The previous post (https://bit.ly/3UrTkKa) was headlined Desperate times require desperate measures. When it comes to measuring the value of Talent, the opposite may be true, simply getting rid of the most expensive people may lose value in excess of the cost savings.


For metrics in Challenging Times let’s consider the simple impact of RIFs (Reduction in Force). Highly experienced workers generally have the most expensive domain knowledge and know-how talent. Many hedge-fund buyouts (“LBOs”) look to sharply reduce short-term operational costs represented by talent costs. (Twitter Layoffs for example) The ‘sharp reaction’ is to use the simple metric of cost to decide who to RIF (ignoring likely issues of ageism and related). The ‘value’ of talent is not taken seriously enough. The individual productivity of Talent is seen as almost a political favoritism rather than a time-weighted value to the enterprise.


R&D


Cutting research and development expenses are often cuts to talented staff. Instead of destroying the ongoing value of the staff, can a major chunk be redirected to customer-focused work for the duration of the challenging period? The talent development benefits of such an activity can’t be overstated. While the redirection isn’t always successful, RIFs can always be performed later. Its likely development work will be improved by closer customer interactions.


IT


Information technology talent is an ongoing cost in many enterprises.
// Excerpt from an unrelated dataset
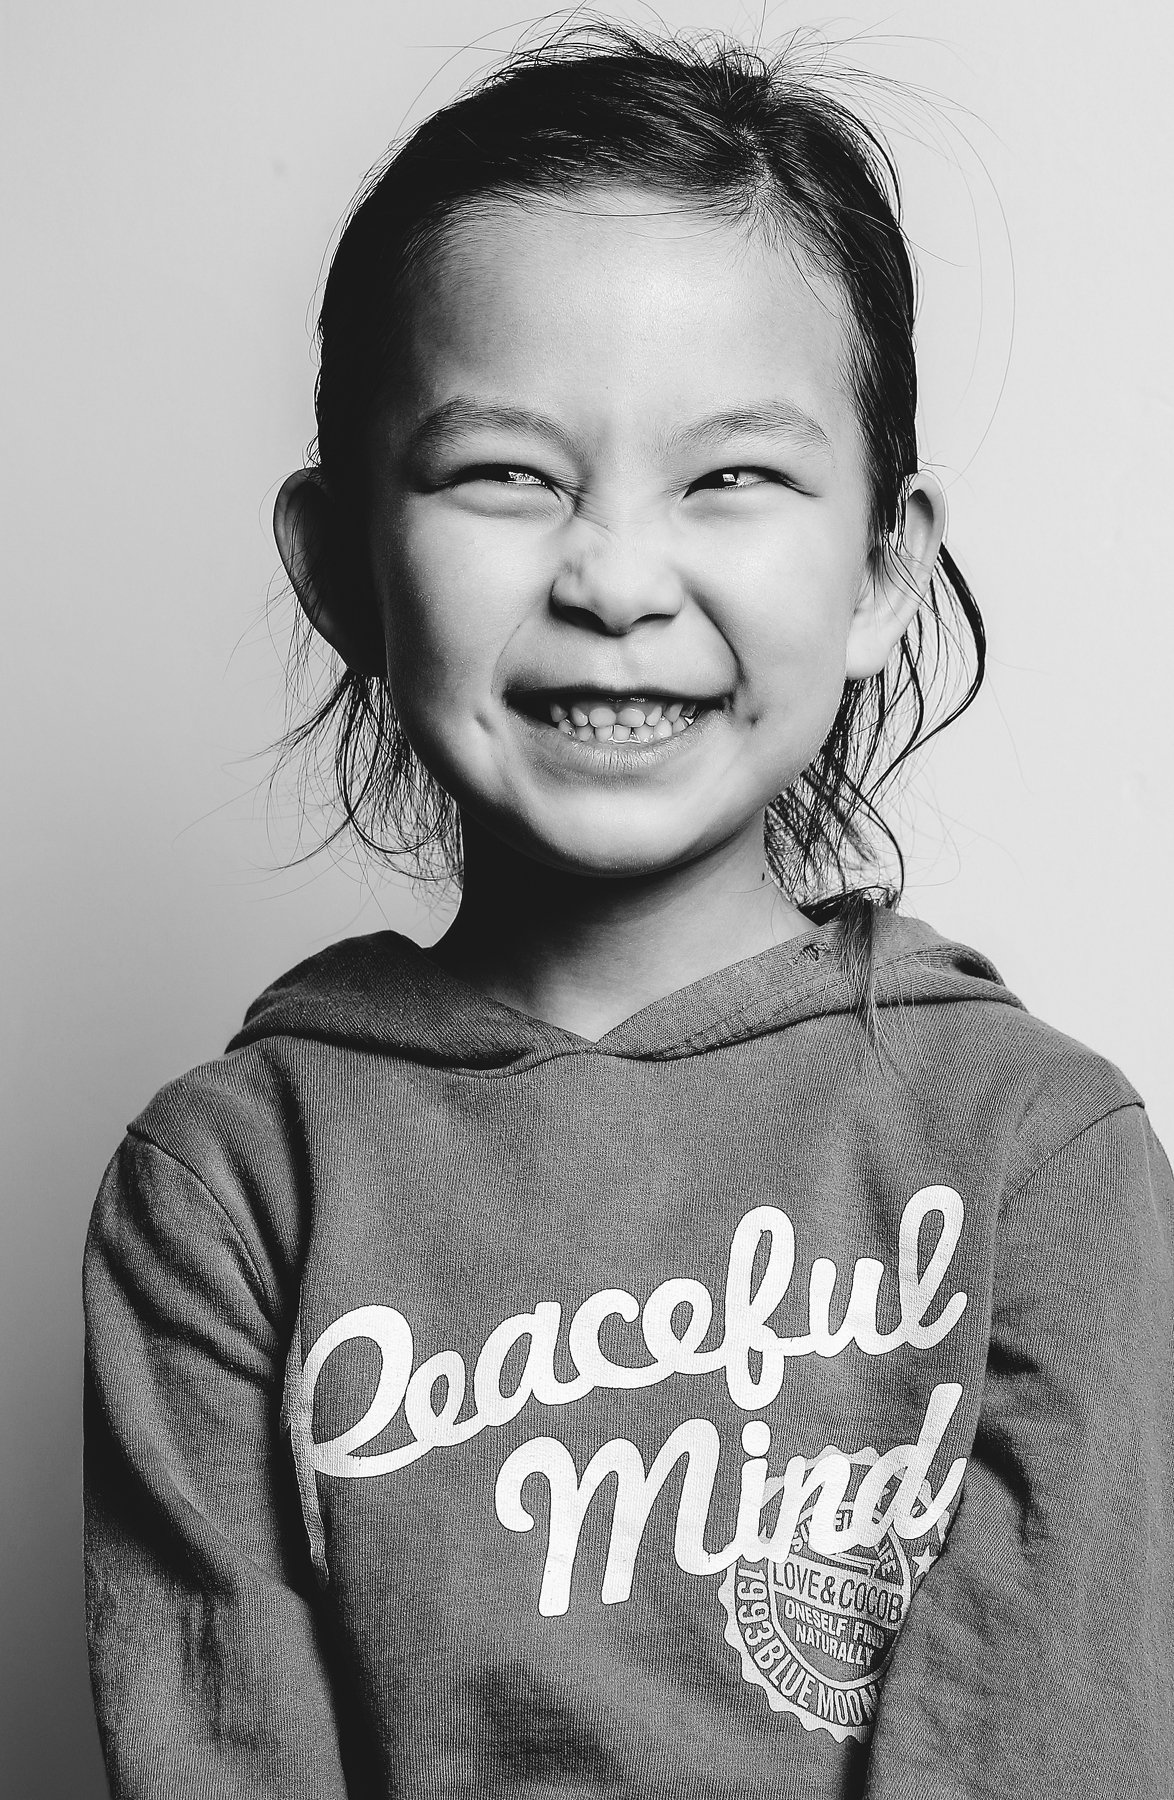 little girl smile, Peaceful, mongolia , Gansukh .S

Newer demands for security, remote work infrastructure, and generational projects (e.g. moving to the cloud) have increased talent costs (employee or contractor) for years. Fattened budgets for BAD Projects (http://bit.ly/3OTO3tQ), infrastructure networks, and Internet-facing applications have expanded talent costs. The variation in talent productivity is very high in information technology positions and isn’t necessarily correlated with direct talent costs. The lack of correlation is due to wage-scale compression, historically high productivity (and crucial function support for systems of record), and industry fads. Short recommendation – The optimal cuts to information technology talent may not be in ‘the obvious’ areas and need to be done with a deeper look at value and contribution.


Operations


EkaLore has written how the senior expensive talent maintaining manufacturing production rates and revenues were seen as excess since their utilization wasn’t as high – a bad use of metrics when seen as the value of good production. Key talent is oftentimes seen as expensive (although long-term employees are likely under-compensated compared to the market) where their contribution to agility, resilience, and continued long-term enterprise stability is under-valued. A more difficult (political and operational) set of decisions look to a time-weighted and contribution-weighted and risk-rated view of talent. An action for management: review the talent in operating groups – who are the core cadre of talented people who are the greatest value for agility, resilience, and long-term enterprise stability? These are likely 10-15% of staff with outsize contributions or productivity. Do you even know who they are?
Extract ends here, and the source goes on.